Driveway painting is a very basic, relatively easy DIY project. Here are what I see as the best driveway paint products that are best at standing up to the elements.
Selling your house? The driveway is the first thing people see: major “curb-side appeal”–Literally.
- Whether you are doing lines or doing the entire road, driveway paint colors are available online for free shipping, amazingly.
- These can be applied to concrete or black-top.
- Concrete driveway paint will last a long time but…. the key is good surface preparation.
This post has info for concrete and for asphalt, already painted or not, including walls and steps as well.
See my fun video at the bottom: amazing black top painters!

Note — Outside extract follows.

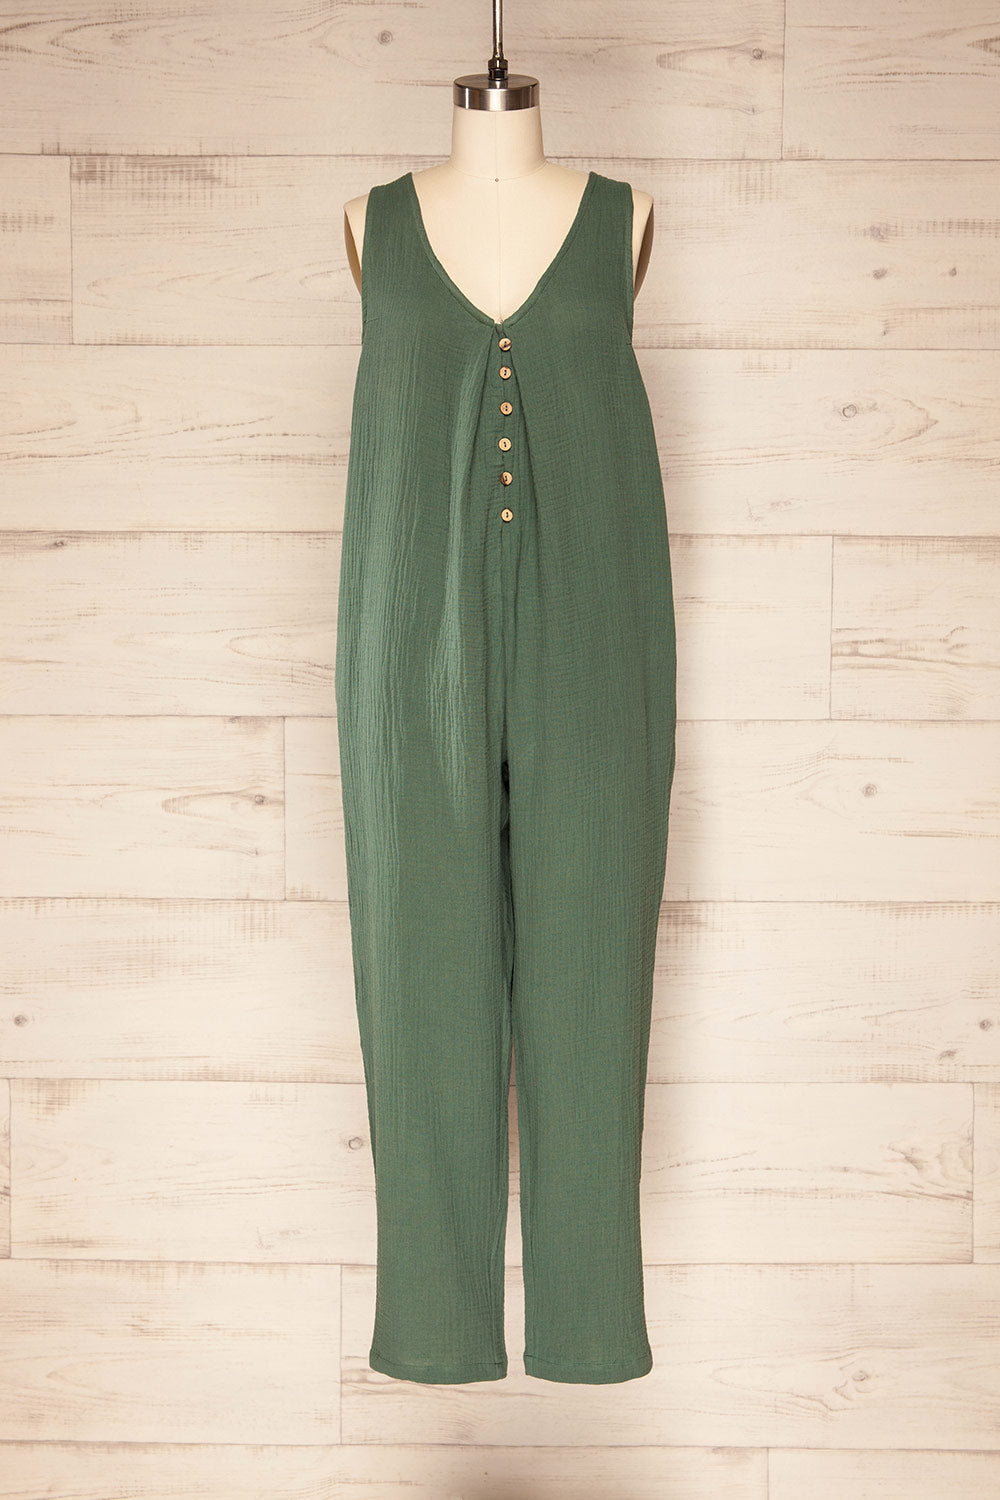 Miass Green Sleeveless Button-Up Jumpsuit  | La petite garçonne front view

Sealing an asphalt coating? I have an opinion: don’t seal it. Read my view, bottom of this page.
Painting basketball or tennis courts, or curbs or handicap parking? Jump down to the section on Traffic Paint.
Not sure if you want to paint? Compare:
- Stain penetrates the top layer (about 1/16 inch) and leaves no residue on top.
- Driveway paint (includes concrete and asphalt paint) bonds to the surface, has some thickness and needs regular maintenance.
Stains can (some must) be clear-coated to keep the water out. I’m against clear coating in general as you end up with a mess when the time comes to re-do.
Costs of Painting a Driveway
My motto: there is never an occasion to buy low-cost paint, even if you want a quick-sale facelift, or if you are a landlady/lord. It is always more expensive in the long run.
And if you are selling: how do you feel about doing a bad job for your fellow citizen?
- 3 gallons of the “2-K” epoxy (product below) is about two hundred bucks (for one coat: some people like 2).
- a bit more than 2 gallons “1-K” driveway paint (below), so I would buy 3, for under a hundred bucks. But it won’t last as long.
Every coat multiplies the cost.
Aim to have leftovers and store it well for annual touch-ups (next section).
Please consider my philosophy here: if you spend more on quality paint and spend more time doing the prep very well, you’ll spend less time and money in the long run.
Sort of related: Brad’s 5 points of painting philosophy.
There are lots of paint companies using poor raw materials, but charging nearly as much as the good stuff. Get the good stuff.As a pro, I have never recommended low-cost paint as it makes me look bad!
How long does driveway paint last?
Today’s paints are far better today than just 20 years ago.
The ones I recommend here, some will require a primer and some not. I mention that in the description.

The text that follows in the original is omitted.